EXERCISE DESCRIPTION: Once you find the line containing "HAVAL H9 SUV", set down exactly that line and every one after it through the end of the listing below, with both ends included and any pictures omitted.

RECORDED INFORMATION:
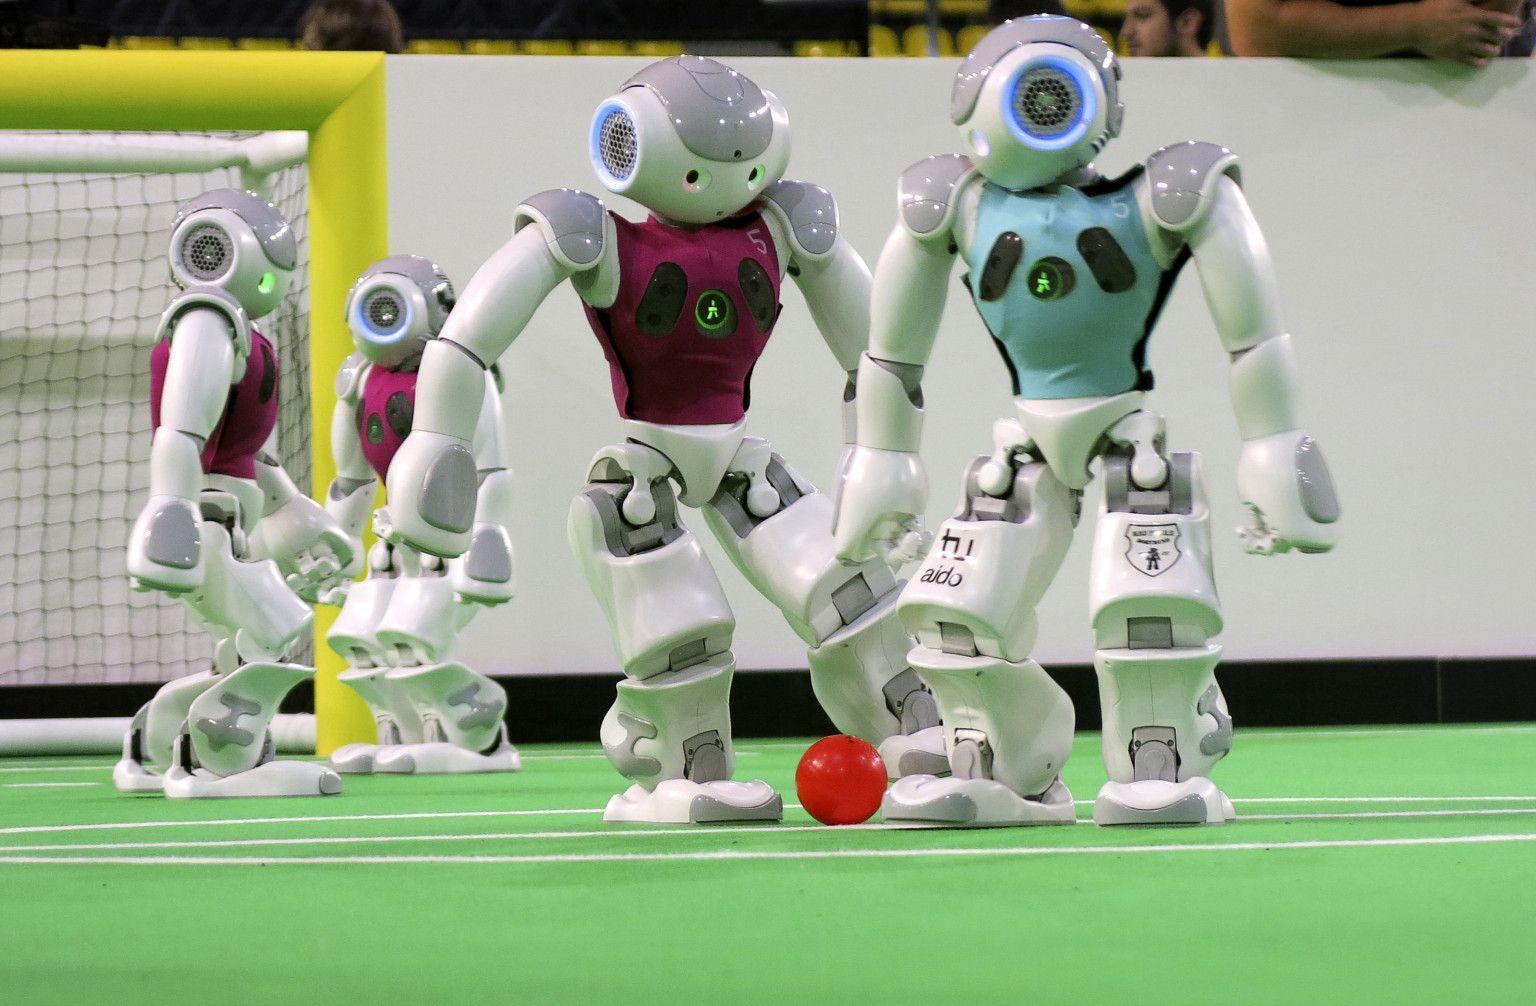 RobotCup: la coppa del mondo di calcio robotico
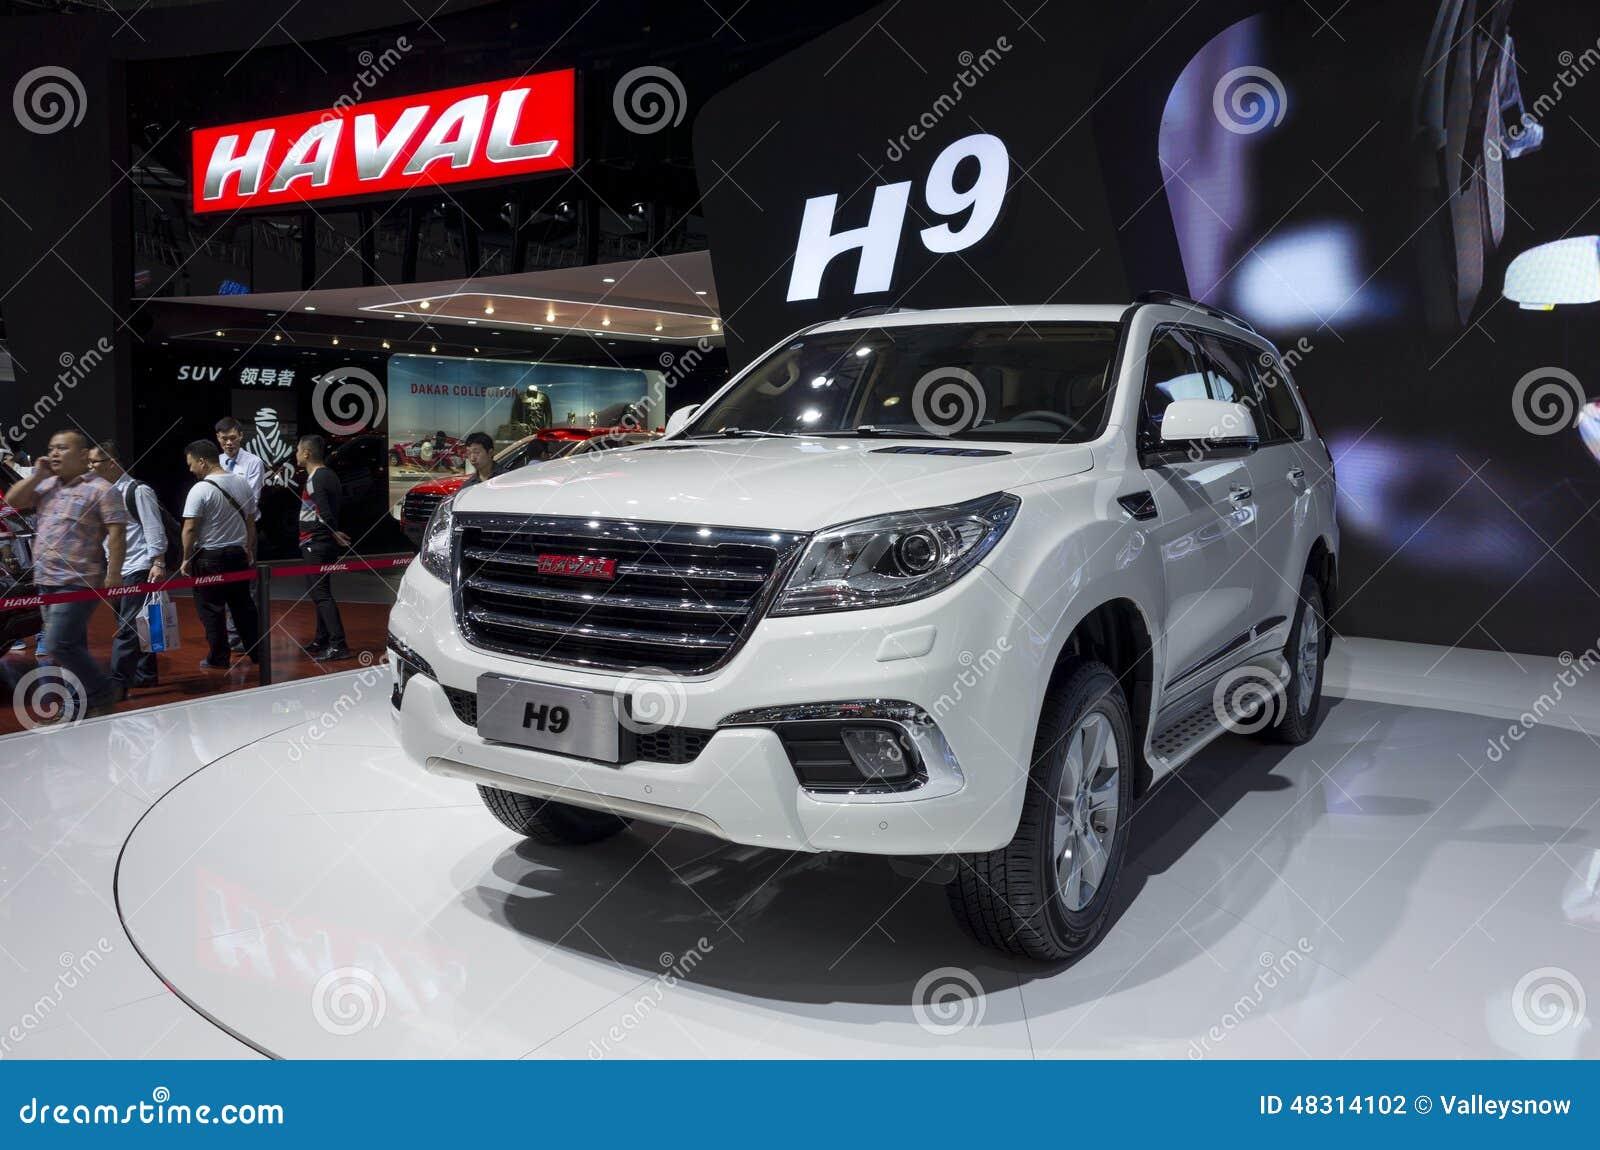 HAVAL H9 SUV
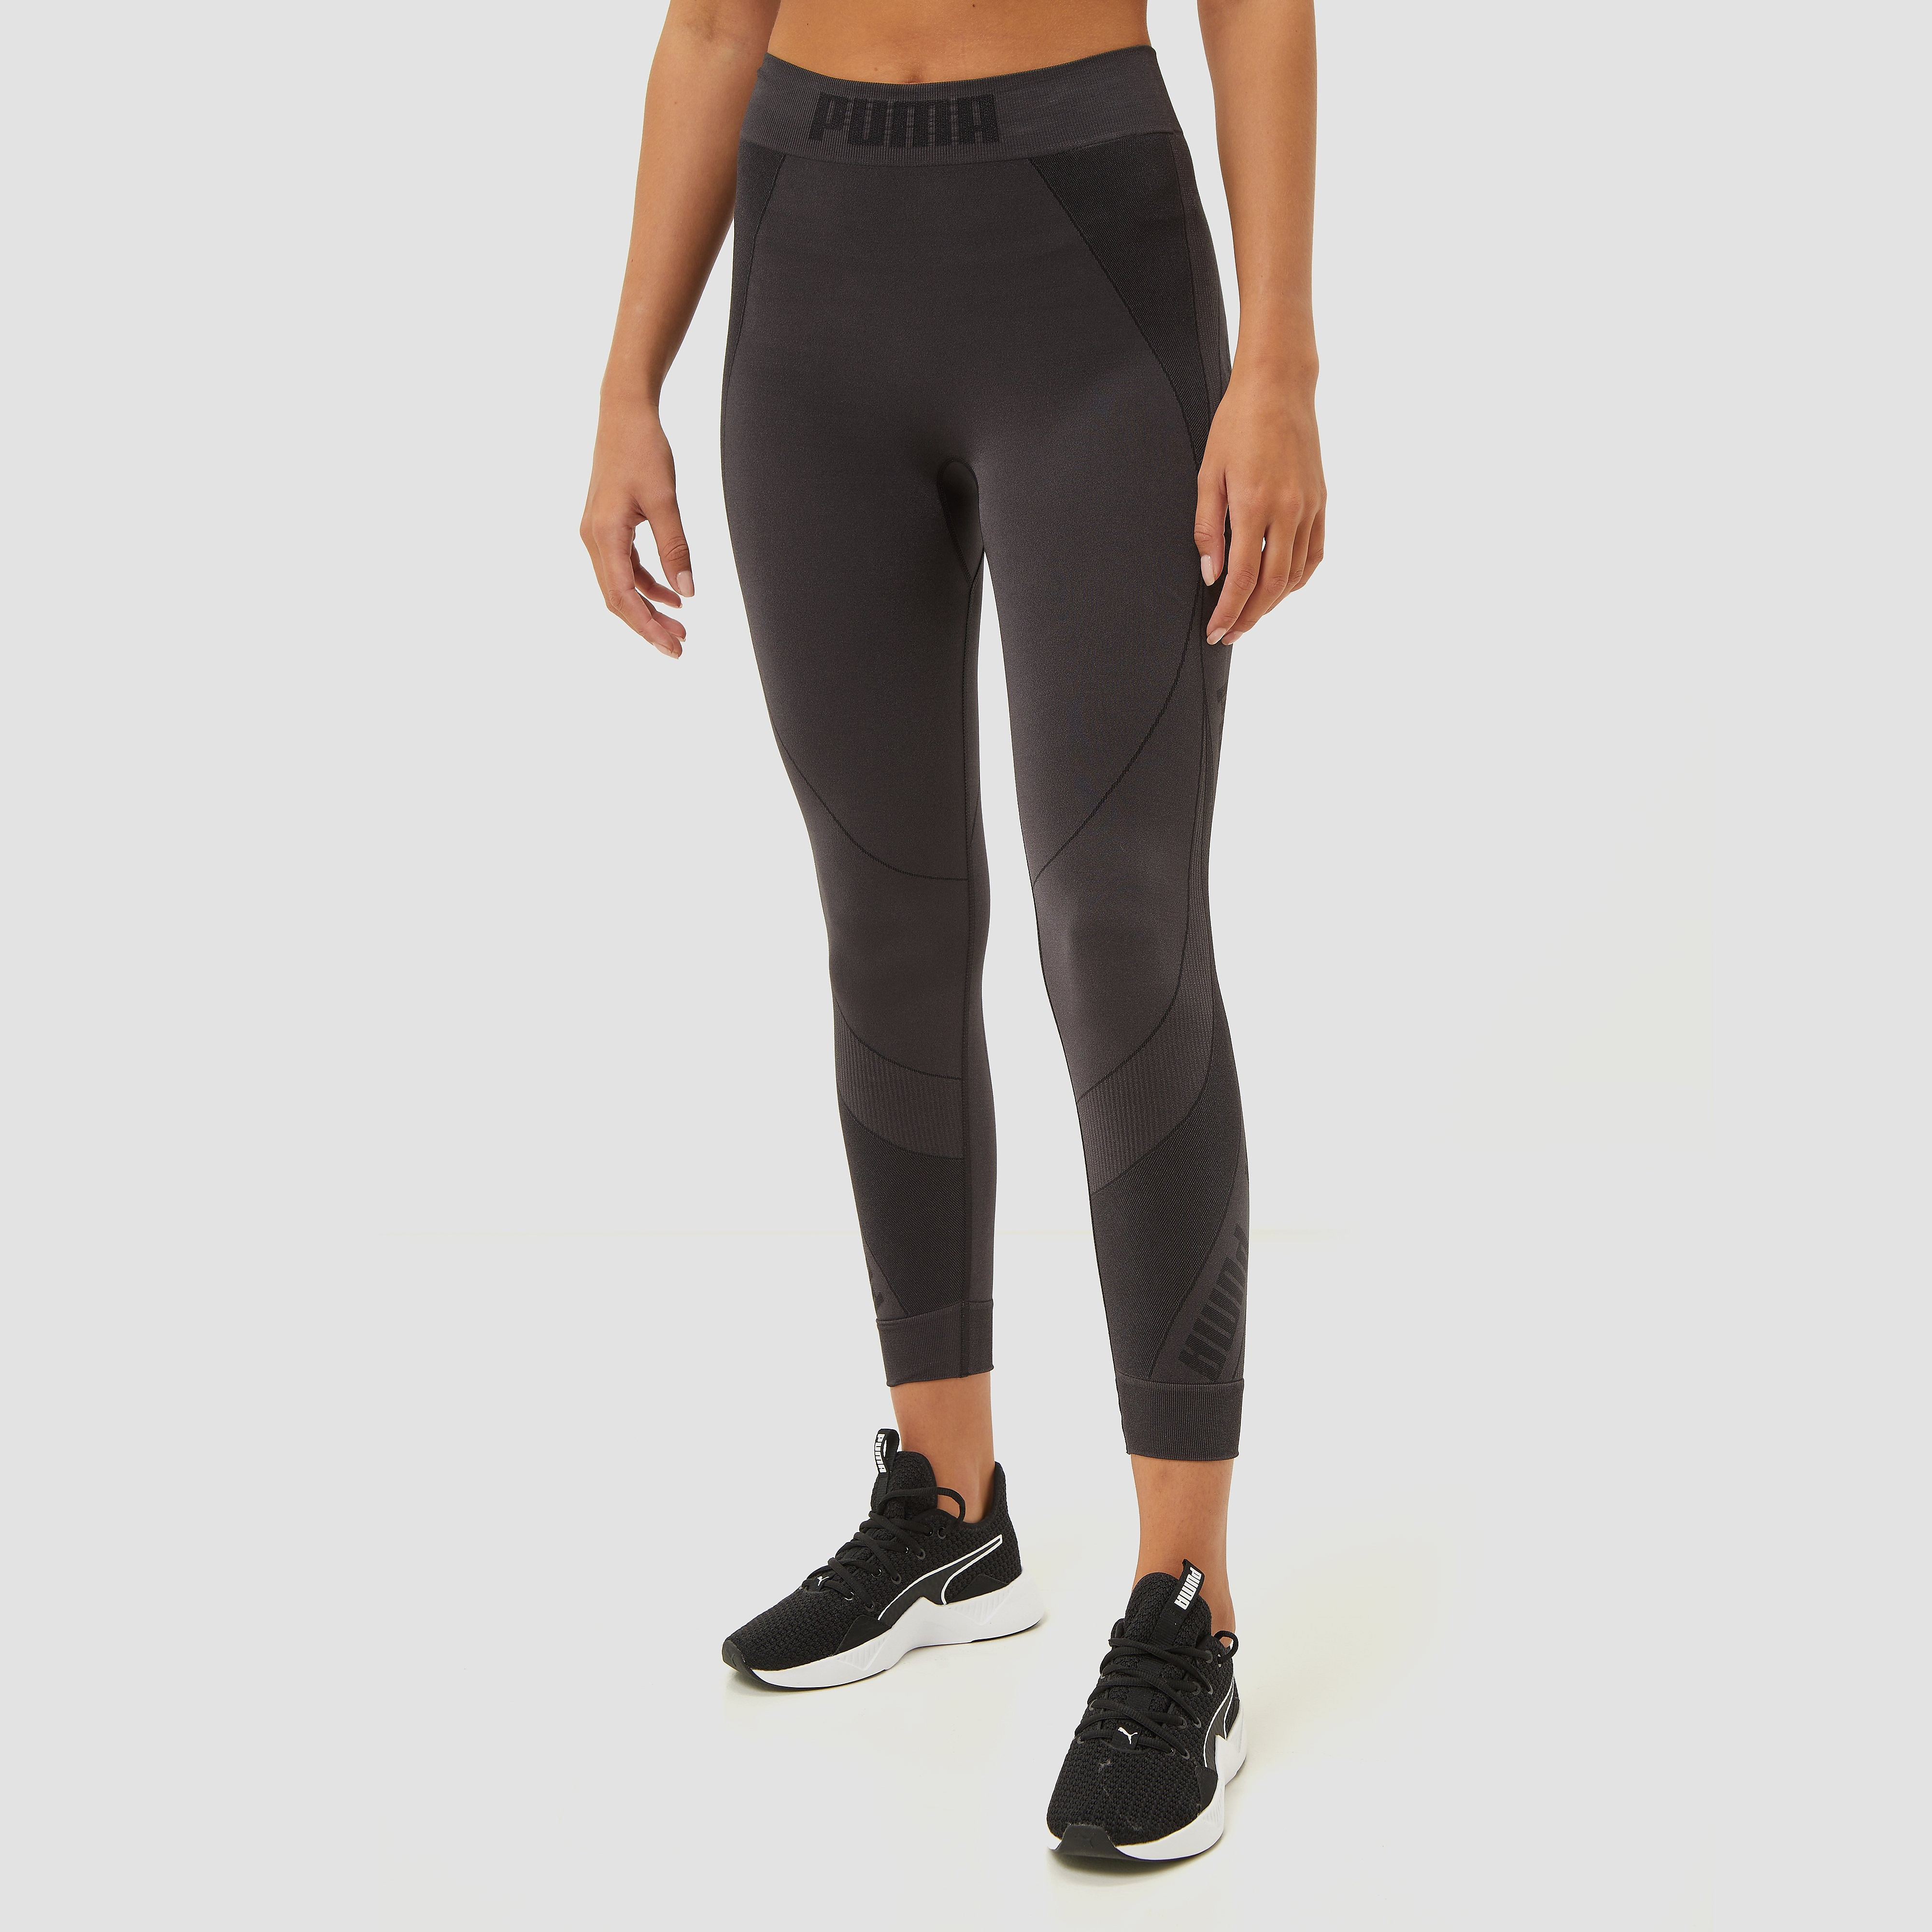 Puma Puma evostripe evoknit 7/8 legging zwart dames dames

OUTPUT OF THE EXERCISE:
 HAVAL H9 SUV
 Puma Puma evostripe evoknit 7/8 legging zwart dames dames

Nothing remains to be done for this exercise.